Plus, they face the same struggles as many other children. McCartney said that since 2010, there has been a marked increase in depression and anxiety among children. Emergency rooms around the country are treating more children who have attempted suicide, are self-harming or have eating disorders.

“The trends parallel the use of smart phones and social media,” said McCartney.

As Fick explained, social media may have created a “whole new wave” of people, especially children, who do not have the human connection they need and develop misperceptions of the world.

“[Relationships] have been taken out of the here and now … [which] creates a whole host of issues,” said Fick. “All they see is what is being posted as the perfect life, and so somehow, they believe they can’t measure up.”

On average, children at BRC receive individual therapy twice weekly, group therapy and activities daily, and family therapy weekly. Medication management is offered when appropriate. The recidivism rate, meaning the number of children who return to a mental health residential setting or acute-care psychiatric hospital, is less than 15%, McCartney said.

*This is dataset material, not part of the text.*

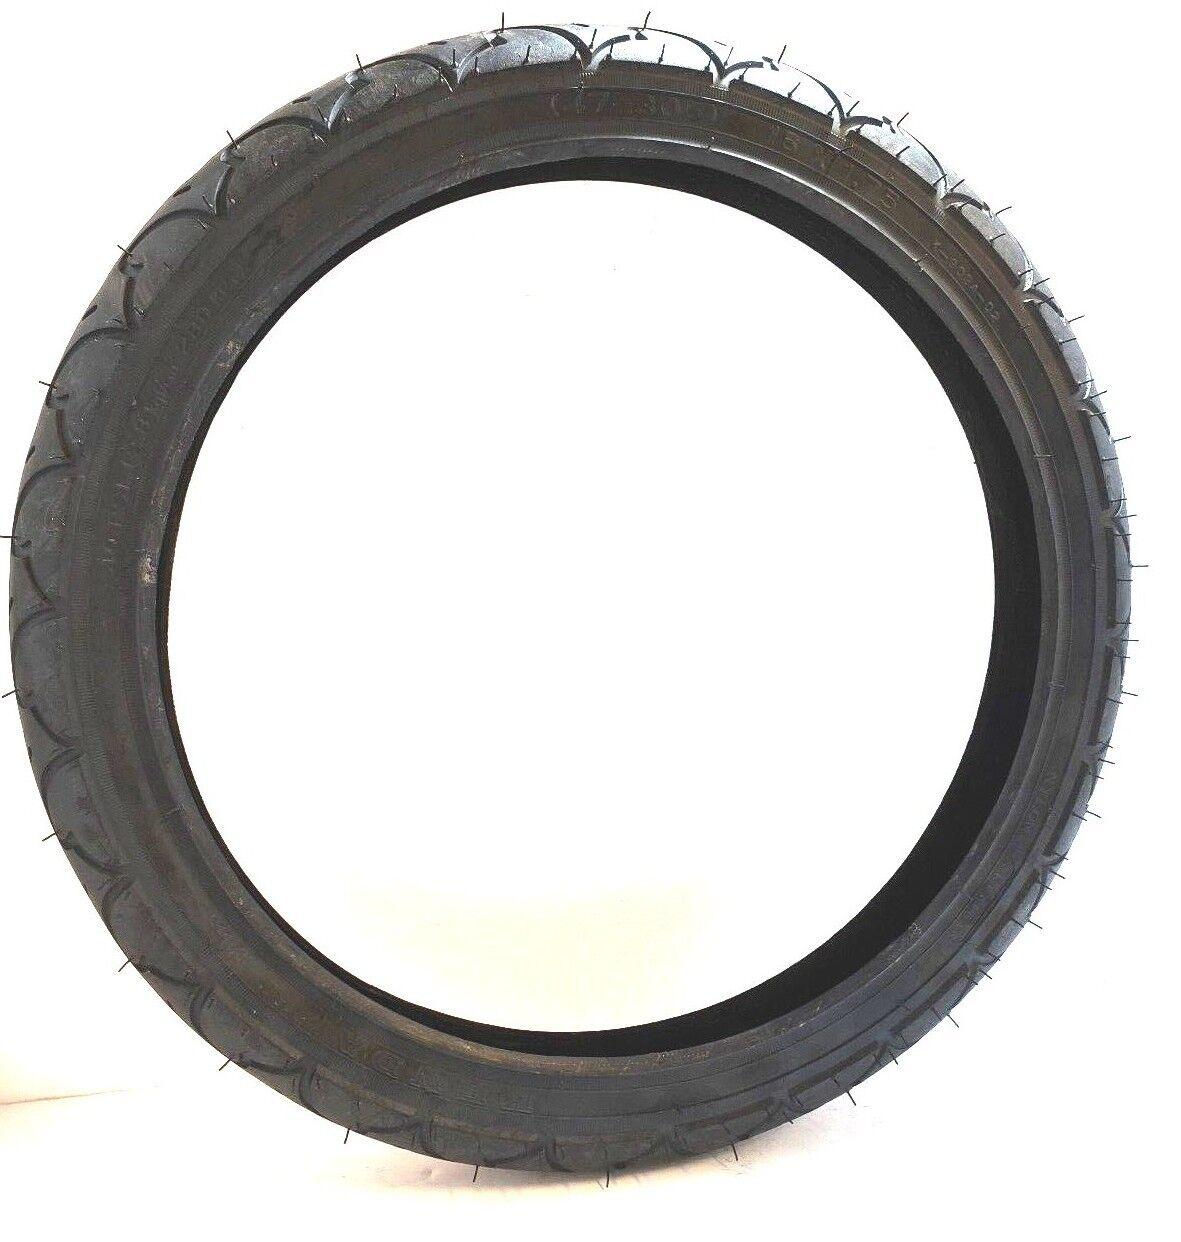 "Recumbent Trailer 40-65psi Bicycle Kenda K909A 20/"" x 1.75/"" Tire Freestyle BMX"
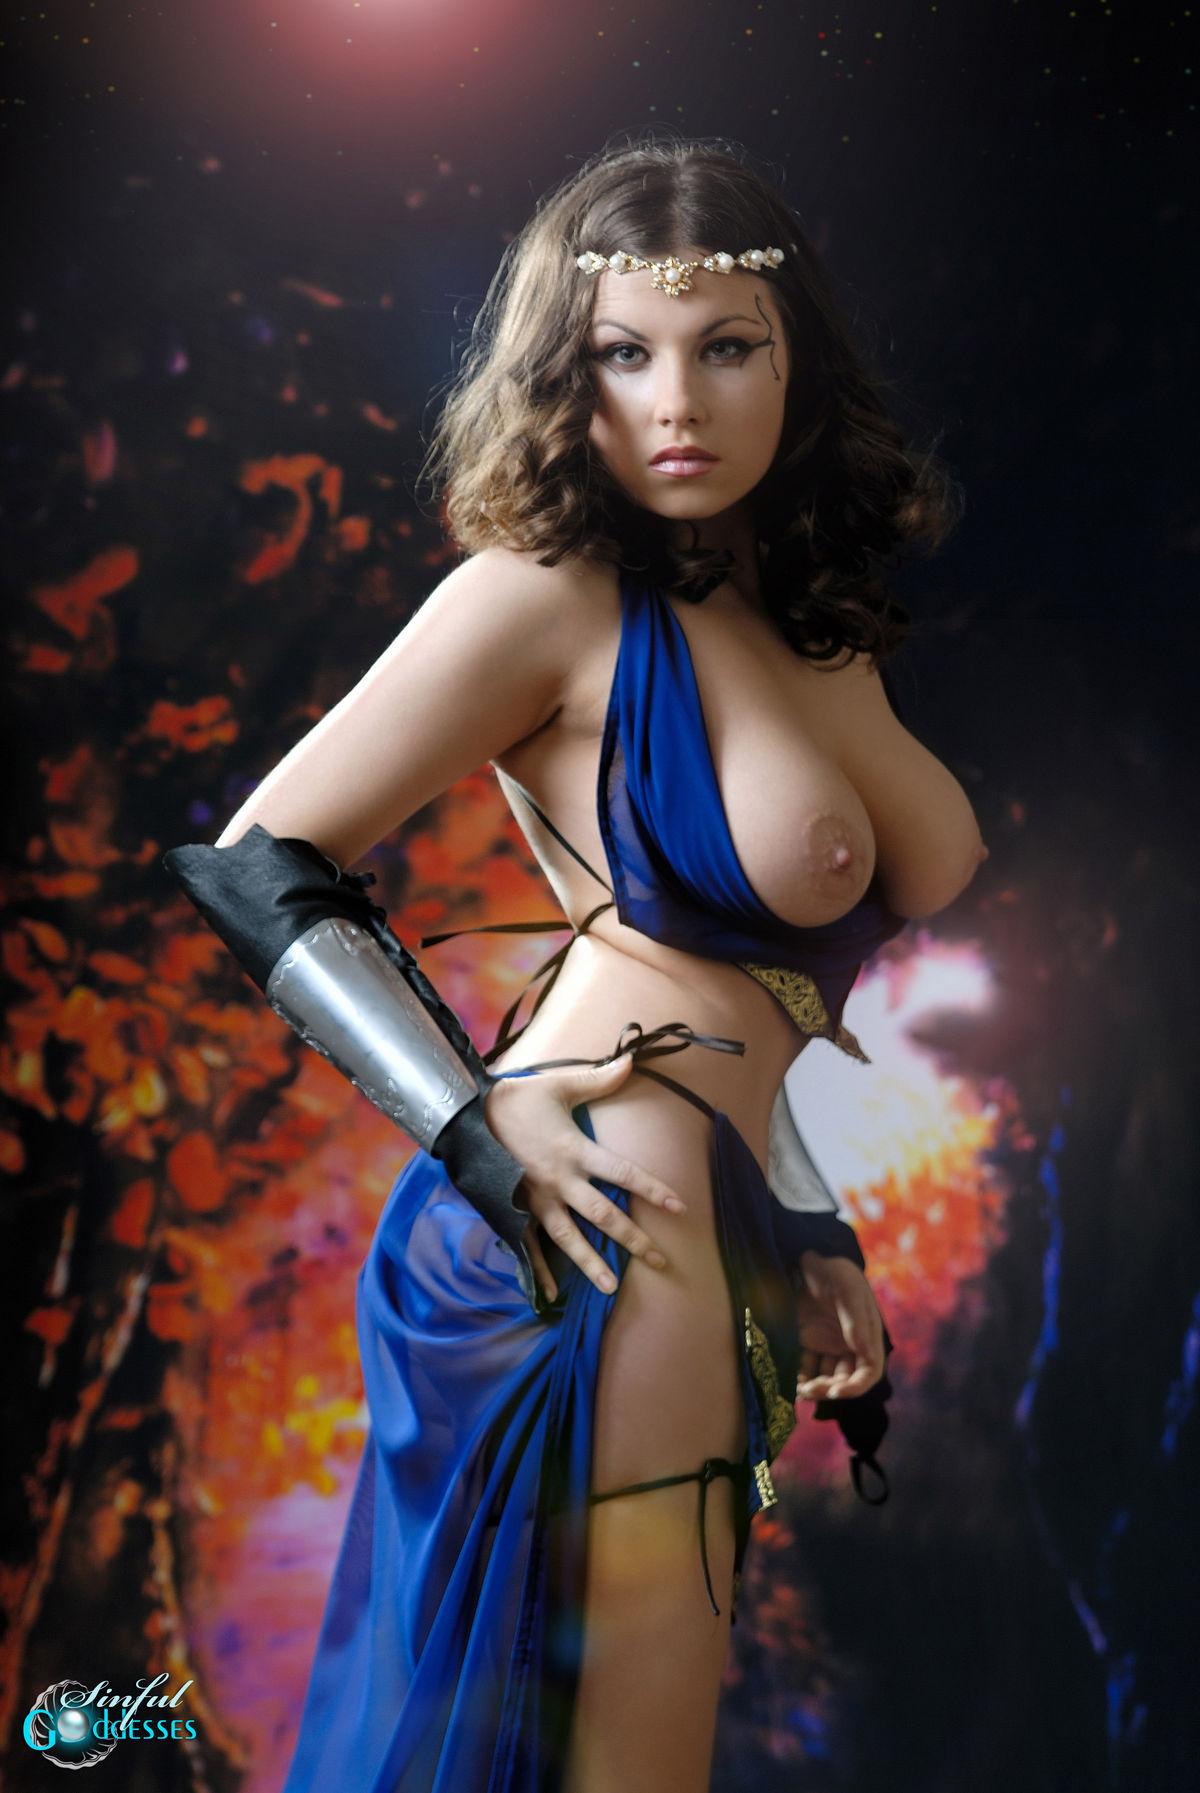 sex pussy of rihanna

“Family therapy is one of the cornerstones of our treatment program,” McCartney said. “We know very clearly that nothing happens in a vacuum and that there are often times when there needs to be some changes in the family dynamics for the child to be successful, for the family to be successful, and so we have a very structured family program.”

“What we do really well is we give families some hope, and they get some rest,” McCartney continued. “Parents may be tired or frustrated when their child is admitted, but we are their partner.”

CCEVA board member Pamela McKinney said tending to a child’s mental health needs furthers a child’s academic achievements, improves physical health and helps the child acquire “social skills such as empathy, conflict resolution and communication, all of which are essential to build effective relationships.”

“If we invest in children’s mental health, it ensures a healthier, more resilient future generation capable of facing life’s challenges with confidence and stability,” said McKinney.

To help make that happen, 122 golfers participated in the golf tournament May 3, a friendly competition between the two organizations.

Fick explained, “Being Catholic organizations, it is fun to compete for bragging rights, but even better to know that families have a place to turn when things get difficult.”

Although the tournament was open to all golfers, McCartney said, “It brings together members of the Catholic community from various parishes, schools and organizations. It serves as a platform for fostering unity, camaraderie, and friendly competition among the participants.”